Daninda tertegun, ia melakukan kesalahan. Bukannya tidak ingin membuka hati tapi ada ketakutan tersendiri. Wanita itu tahu jika Deira mencoba menjodohkannya dengan Daniel. Dengan pria itu terlalu banyak perbedaan dari segi ekonomi, status dan juga bertalian darah dengan Pricilla. Daninda tidak mau melakukan hal bodoh. Ia tidak menyusul Deira. Dirinya juga tahu menjelaskan di saat sedang emosi tidak mungkin akan di dengar.

 

"Maafin aku, De," lirihnya. Dengan begini, ia pikir  Deira tidak akan mendekatkannya pada Daniel. Ia tidak mau terluka dan hancur lagi karena pria. Sejak saat itu hubungan mereka menjadi renggang. Daninda tidak bertemu dan menghubungi Deira. Begitu pun sebaliknya, mereka sama-sama mempertahankan ego masing-masing. Sebenarnya ia ingin meminta maaf pada sahabatnya itu. Tapi takut Deira akan tetap menjodohkannya dengan Daniel. Ia juga menghindar dari pria itu. Daninda lebih banyak melamun di toko. Fahrania yang menemaninya seharian. Di awal-awal penjualannya memang tidak begitu bagus. Tapi ia tetap mensyukurinya.

 

Perasaannya menjadi gelisah, tidak tenang. Ia memikirkan Deira. Menyesal karena sudah berbuat seperti itu pada sahabatnya. Ia ingin menjaga hatinya saja. Karena perasaannya sedang kacau Daninda memutuskan untuk menutup toko. Ia pulang ke rumah. Turun dari angkutan umum bersama Fahrania. Ia dikejutkan dengan kedatangan Daniel yang berdiri di depan rumahnya menyender di tembok. Pria itu masih mengenakan pakaian kerjanya.

 

"Om Daniel!!" teriak Fahrania kegirangan seraya berlari ke arah Daniel. Ditangkapnya oleh pria itu.

 

"Hai cantik," ucap Daniel. Fahrania mengangguk senang.

 

Daninda masih diam ditempatnya. Hatinya bertanya 'kenapa Daniel ke rumahnya?' 

 

"Masuk ke dalam yuk, Om.

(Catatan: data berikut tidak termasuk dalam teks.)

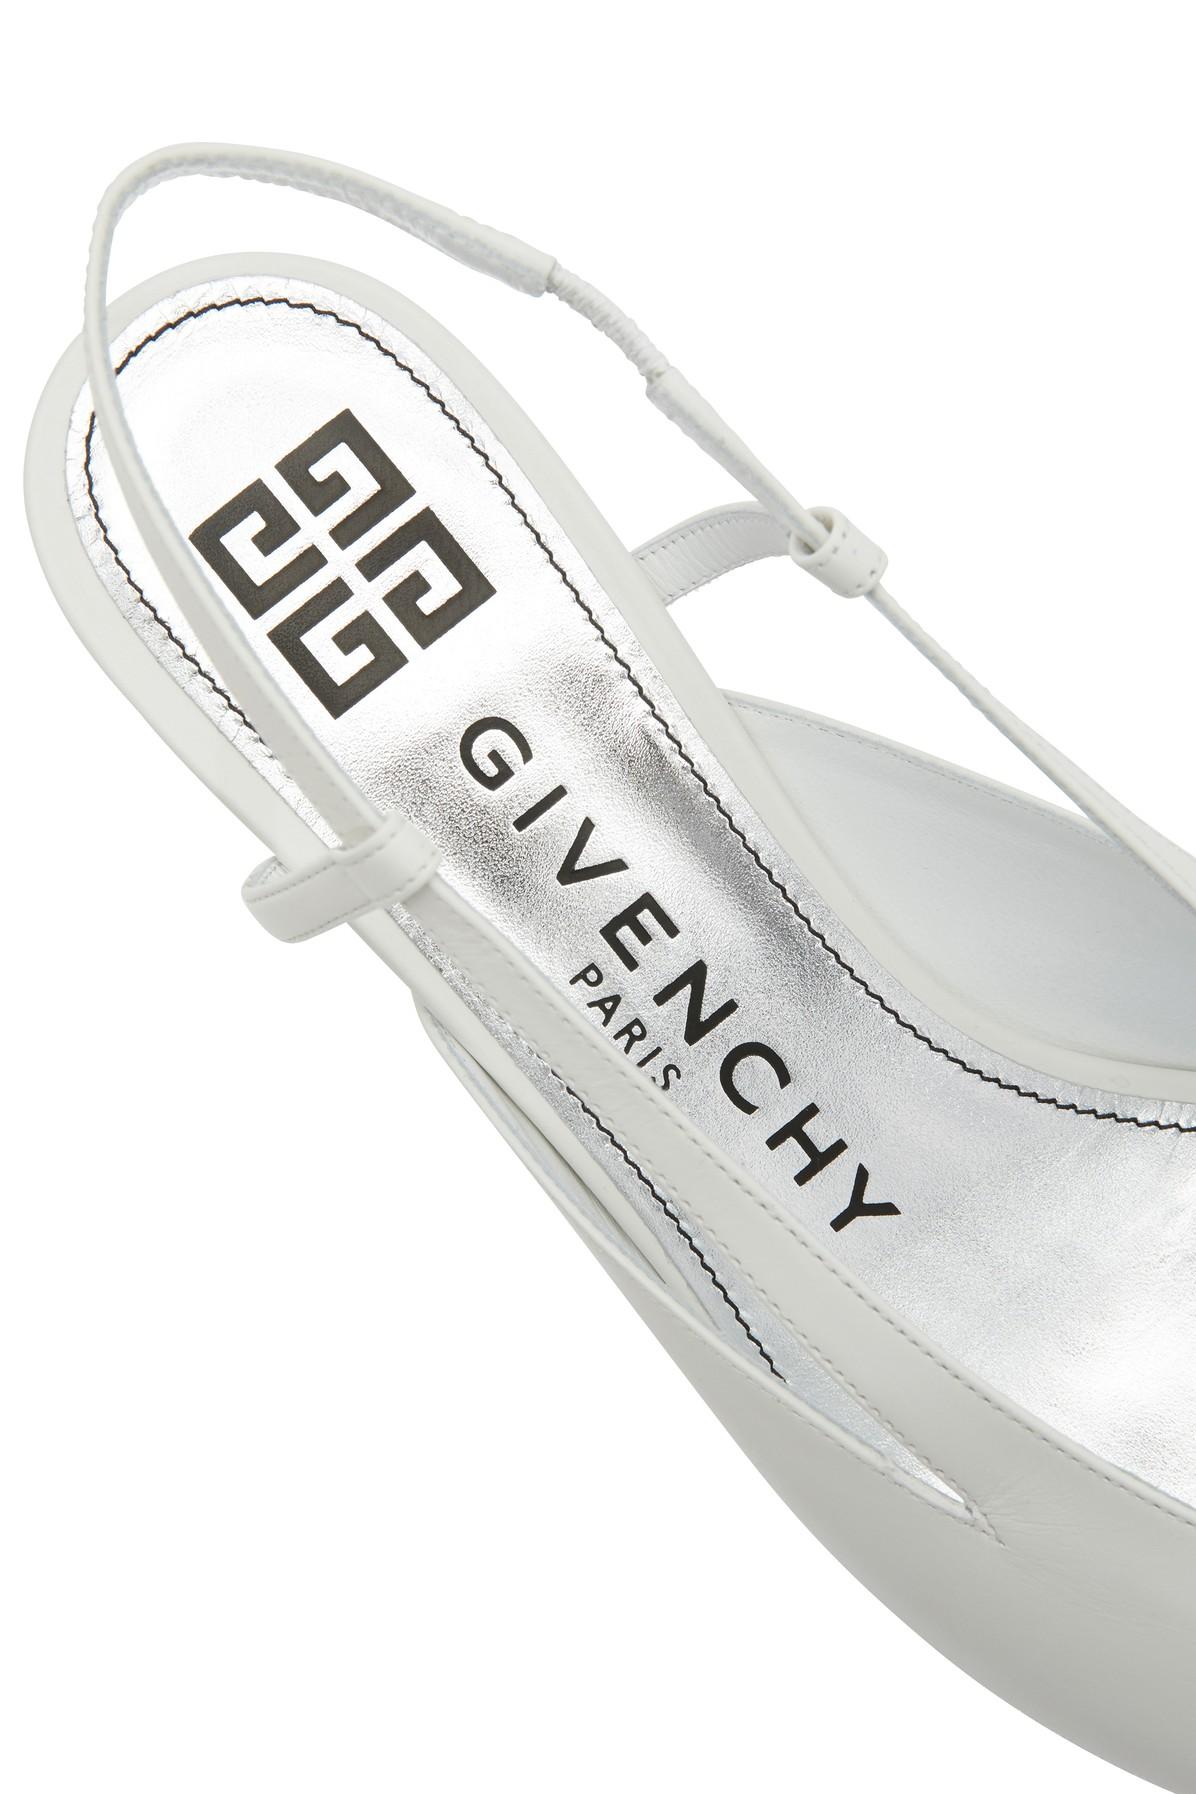 Givenchy Specchio Leather Slingback Pumps in White - Save 50% - Lyst
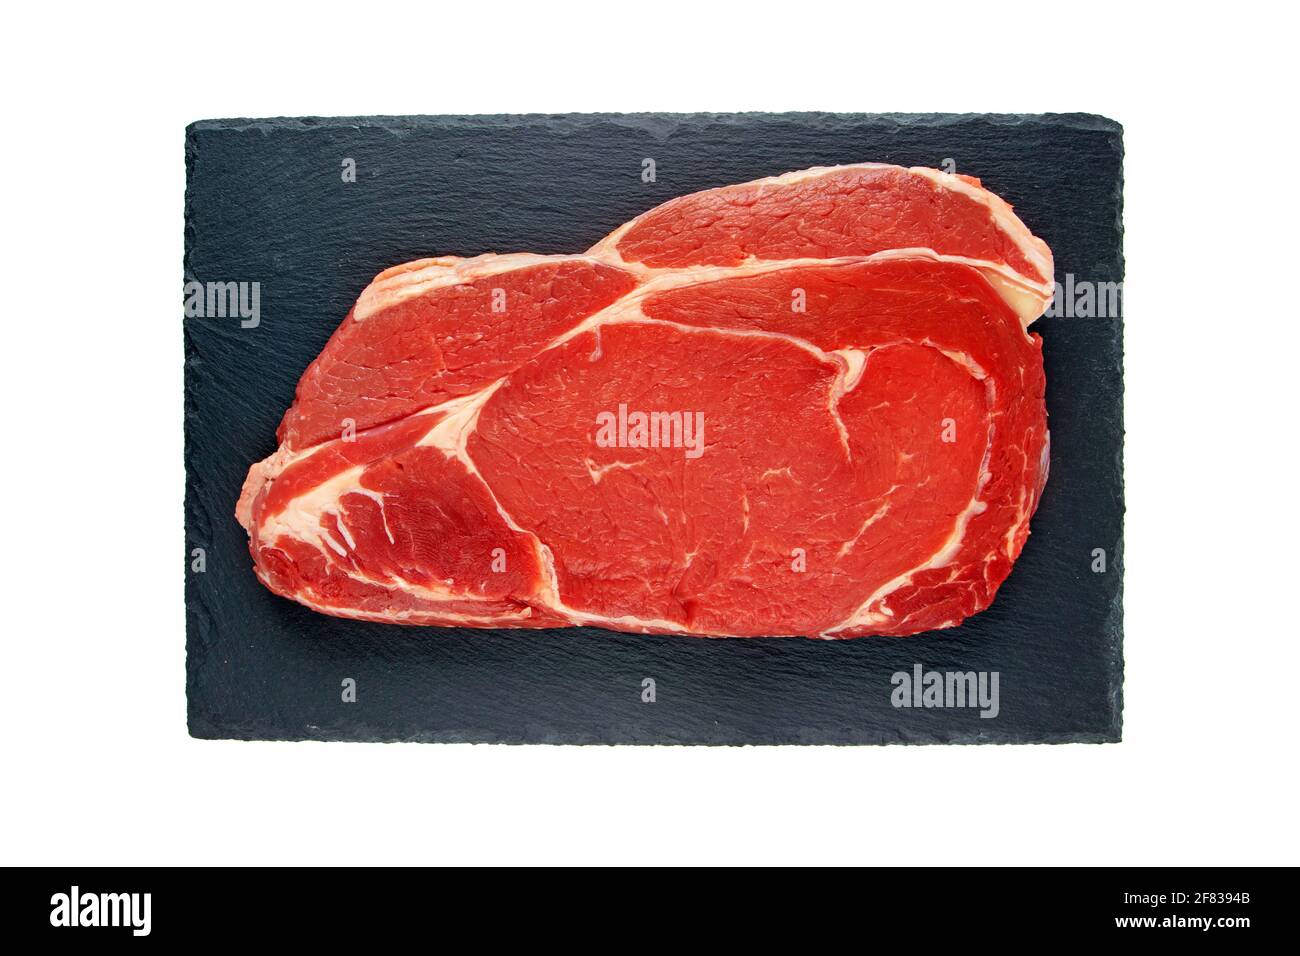 Juicy raw meat cut. Beef entrecote slice on the black textured slate plate isolated on white top view. Stock Photo

Nanti Lania kenalin sama Nenek dan Kakek Lania," ajak Fahrania.  

 

"Rania," panggil Daninda. "Kamu masuk ke dalam dulu ya. Mama mau bicara sama Om Daniel dulu." Ia tidak mau orang tuanya bertemu Daniel. Pasti orang tuanya akan berpikiran jika Daniel adalah kekasihnya. 

 

Daniel menatapnya namun Daninda mencoba untuk tidak membalas tatapan itu. Pria itu menurunkan Fahrania. Di gandengnya tangan gadis mungil itu masuk ke dalam rumah oleh Daninda.

 

"Kita bicara di taman dekat sini aja ya," usul Daninda. 

 

"Baiklah." Mereka berjalan ke taman dekat rumah orang tua Daninda.

 

"Kenapa kamu menghindariku?" tanya Daniel setelah mereka duduk di kursi taman.

 

"Aku nggak menghindar. Aku cuma lagi sibuk sama toko," jawab Daninda berbohong. 

 

Daniel memiringkan sudut bibirnya. Ia bukan pria bodoh yang mudah dikelabuhi. Dari semua yang Daninda lakukan padanya yaitu memang benar menghindar darinya. Telepon tidak pernah diangkat dan juga chat nya tidak pernah di balas. 

 

"Apa aku melakukan kesalahan yang tidak aku ketahui? Atau melukai hatimu?" Daniel masih mencoba agar Daninda buka suara. 

 

"Nggak, memang aku lagi sibuk aja, Daniel." Dalam lubuk hatinya yang terdalam ia merasakan kehilangan beberapa hari tidak komunikasi dengan Daniel. Namun dirinya selalu mengingkari.

 

"Apa kamu merasakan hal yang lain dariku?" tanya Daniel lambat-lambat. Ia mengira jika Daninda mengetahui sesuatu yang dirasakannya saat ini. Perasaan yang sama dengannya.

 

"Hal apa?" Alis Daninda menyatu. Ia lalu menoleh pada Daniel. 

 

"Tidak ya?"  

 

"Apa maksudnya aku nggak ngerti," Daninda bertambah bingung. "Kita ini kan teman. Jadi kamu bisa terus terang sama aku. Hal apa itu, Daniel?"  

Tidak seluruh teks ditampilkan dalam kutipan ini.